Modular TensorFlow model with 2D embedding - Train and save models#

Embedding converts a categorical variable into a projection onto n-dimensional space [1], and has been shown to be an effective way to train neural network when using categorical data, while also allowing a measure of similarity/distance between different values of the categorical data, Here we use embedding for hospital ID. We also convert patient data and pathway data into an embedded vector (this may also be known as encoding the data in a vector with fewer dimensions than the original data set for those groups of features).

[1] Guo C, & Berkhahn F. (2016) Entity Embeddings of Categorical Variables. arXiv:160406737 [cs] http://arxiv.org/abs/1604.06737

Aims#

To train and save fully connected models for the 5-fold training/test data sets

Basic methodology#

Models are fitted to previously split training and test data sets.

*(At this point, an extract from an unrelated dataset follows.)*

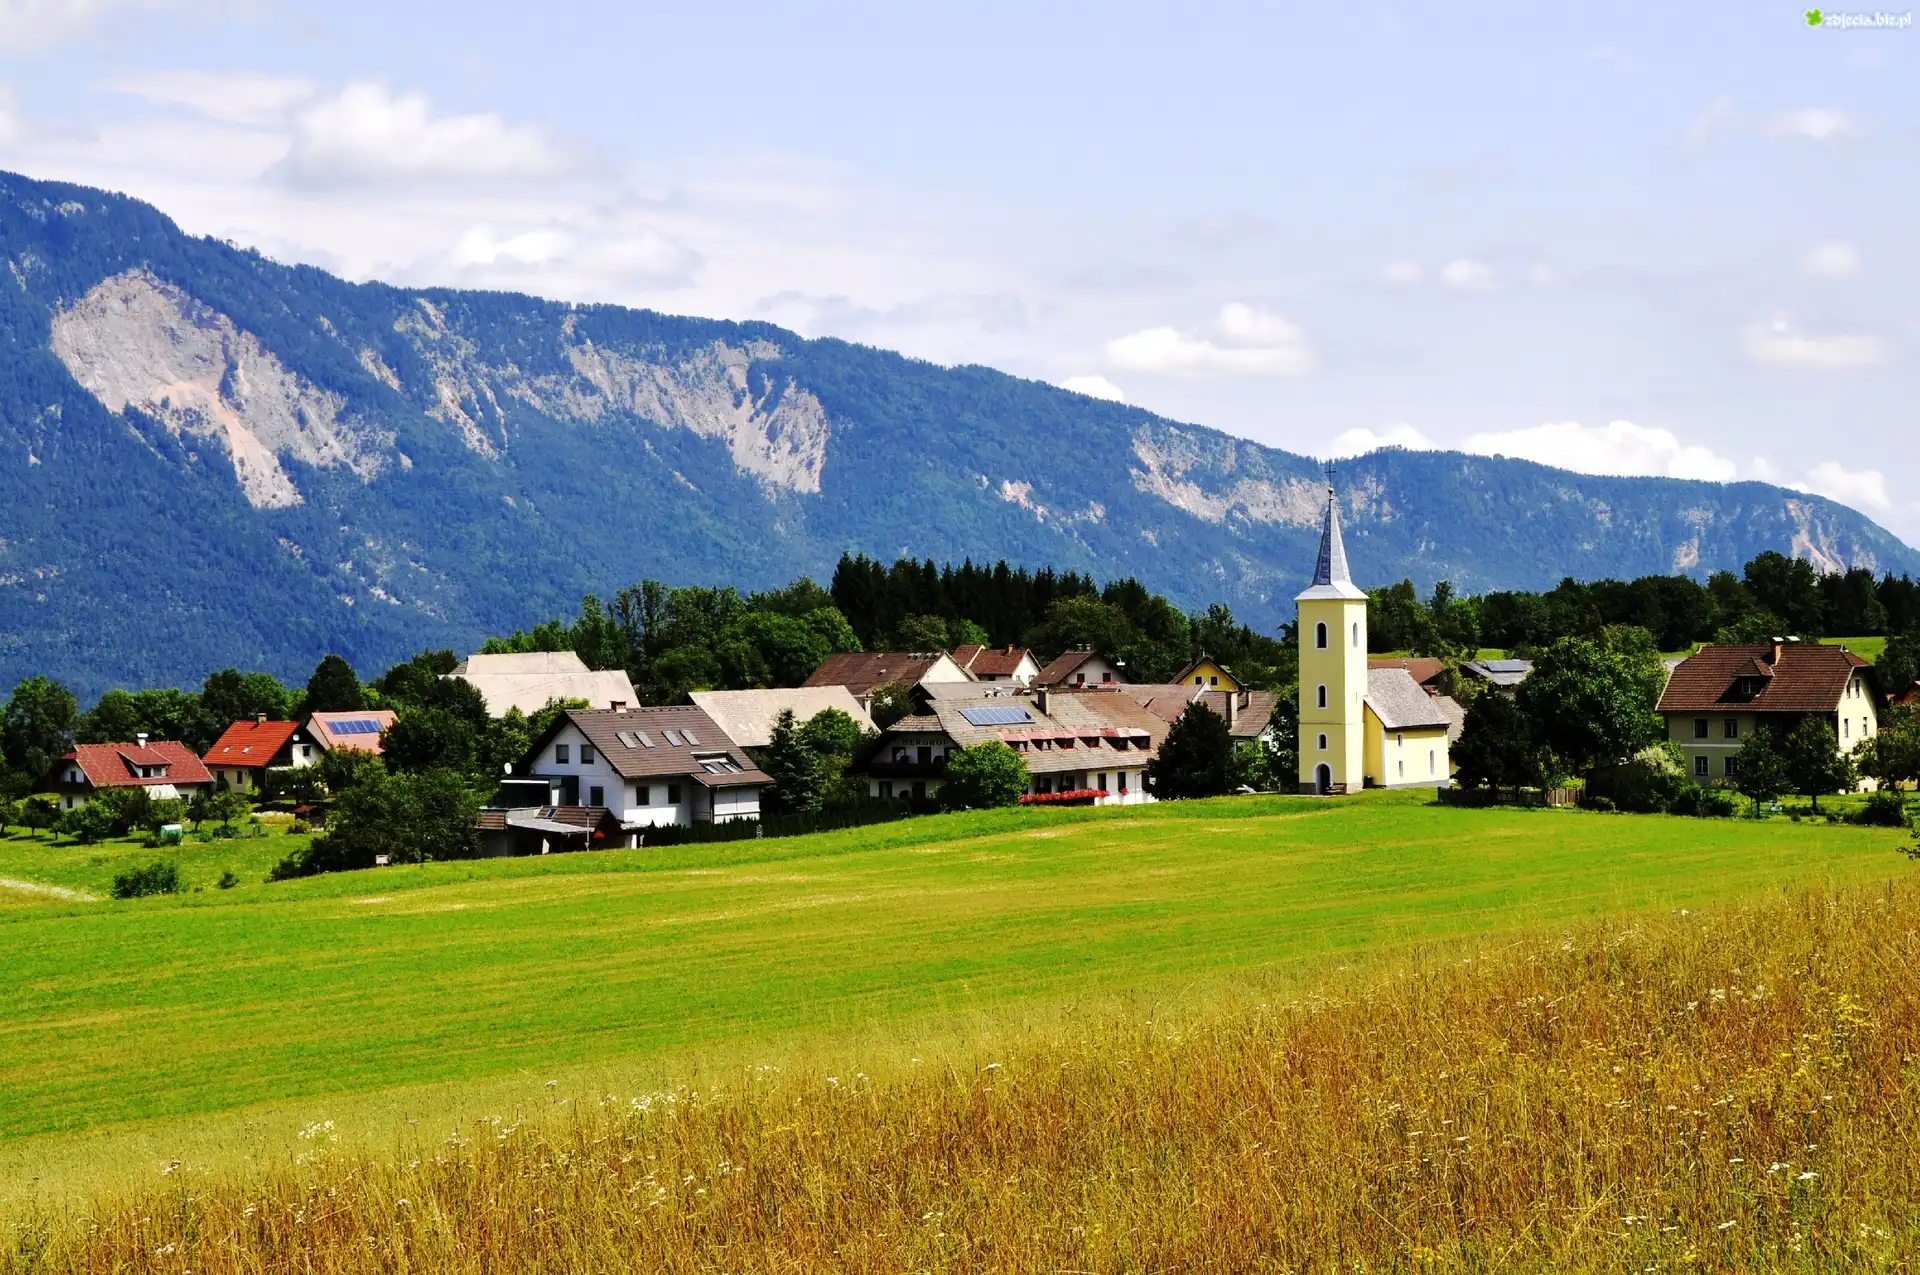 Miasteczko, Góry, Łąka, Austria

The model contains three subnets that take portions of the data. The output of these subnets is an n-dimensional vector. In this case the output is a 2D vector, that is each subnet is reduced to two values output. The subnets created are for:

Patient clinical data: Age, gender, ethnicity, disability before stroke, stroke scale data. Pass through one hidden layer (with 2x neurons as input features) and then to two neurons with sigmoid activation.
Pathway process data: Times of arrival and scan, time of day, day of week. Pass through one hidden layer (with 2x neurons as input features) and then to two neurons with sigmoid activation.
Hospital ID (one-hot encoded): Connect input directly to two neurons with sigmoid activation.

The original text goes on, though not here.